[Paper] Enhancing Authorship Attribution with Synthetic Paintings

Published: 1 day ago (March 4, 2026 at 01:00 PM EST)

4 min read

Source: arXiv

Source: arXiv - 2603.04343v1

Overview

The paper investigates whether synthetic paintings generated with modern text‑to‑image diffusion models can fill the data gap that has long hampered AI‑driven authorship attribution. By fine‑tuning Stable Diffusion via DreamBooth on a handful of real works, the authors create realistic “fake” paintings and blend them with the original dataset. The resulting hybrid training set boosts the accuracy of classifiers that try to guess who painted a given artwork—an advance that could make AI‑based art authentication more reliable in real‑world, data‑scarce scenarios.

Key Contributions

Synthetic data pipeline: Demonstrates how DreamBooth‑fine‑tuned Stable Diffusion can produce high‑fidelity paintings that preserve the stylistic nuances of a target artist.
Hybrid training strategy: Introduces a straightforward recipe for mixing real and synthetic images to improve downstream classification performance.
Empirical validation: Shows consistent gains in ROC‑AUC and overall accuracy across multiple artist‑pair experiments, confirming that synthetic samples act as effective regularizers.
Open‑source reproducibility: Provides code, model checkpoints, and a curated dataset split, enabling other researchers and developers to replicate and extend the work.

Methodology

Data collection: The authors start with a modest corpus of digitized paintings (≈ 200–300 per artist) from public museum archives.
DreamBooth fine‑tuning: For each artist, a Stable Diffusion model is fine‑tuned on the artist’s real works plus a few textual prompts that capture the artist’s name and style. This yields a personalized generator capable of producing new images that “look like” the artist.
Synthetic image generation: The fine‑tuned model generates 1–2 k synthetic paintings per artist, using diverse prompts to encourage variation while staying within the learned style distribution.
Hybrid dataset assembly: Real and synthetic images are combined in several ratios (e.g., 1:1, 1:2) to form training sets; a held‑out real‑only test set remains untouched for evaluation.
Classification model: A standard ResNet‑50 backbone (pre‑trained on ImageNet) is fine‑tuned on the hybrid sets to predict the artist label.
Evaluation metrics: ROC‑AUC, top‑1 accuracy, and confusion matrices are reported to assess both discriminative power and generalization.

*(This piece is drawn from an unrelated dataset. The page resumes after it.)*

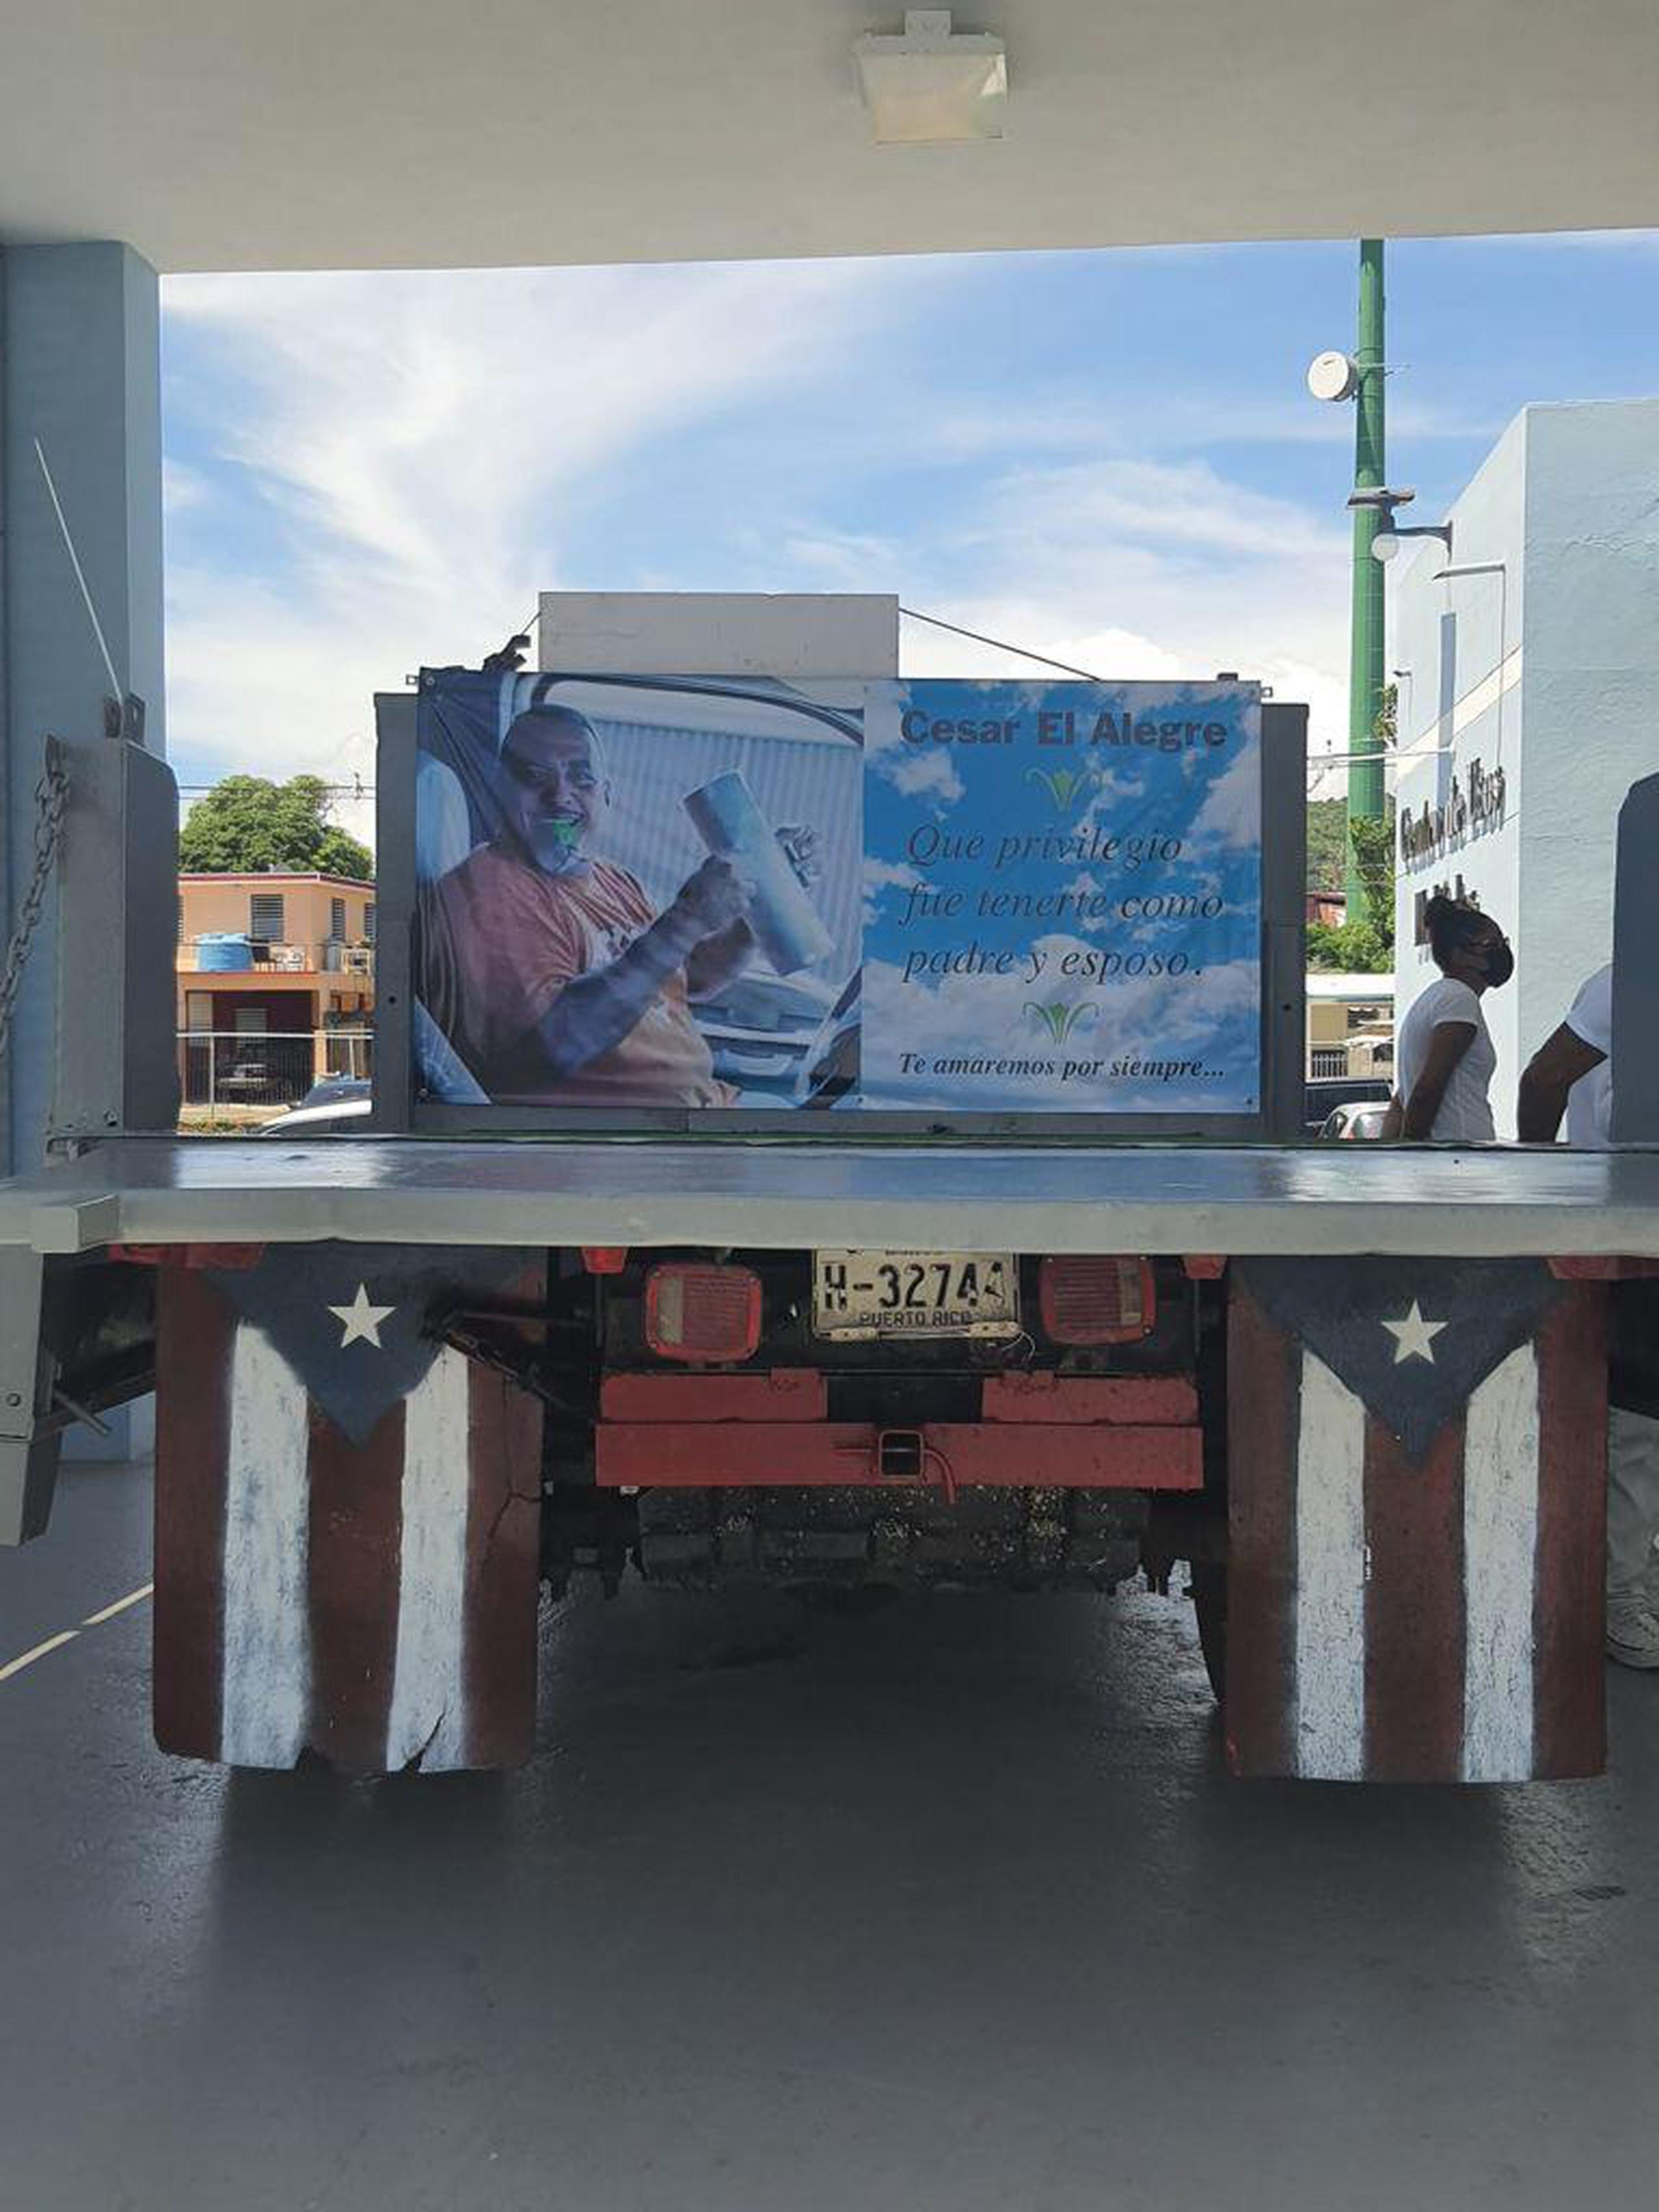 Ceiba rindió homenaje al líder comunitario con una caravana que recorrió distintas áreas del pueblo.

The pipeline is deliberately simple—no exotic architectures or adversarial training—so developers can plug it into existing computer‑vision workflows with minimal friction.

Results & Findings

Training set	ROC‑AUC	Top‑1 Accuracy
Real only	0.78	71 %
Real + Synthetic (1:1)	0.86	78 %
Real + Synthetic (1:2)	0.84	76 %

Adding synthetic paintings consistently lifts ROC‑AUC by ~8–9 percentage points.
The best performance appears when synthetic data roughly matches the amount of real data (1:1 ratio), suggesting diminishing returns beyond that point.
Error analysis shows that the classifier becomes less prone to over‑fitting on idiosyncratic brush‑stroke artifacts present only in the limited real set.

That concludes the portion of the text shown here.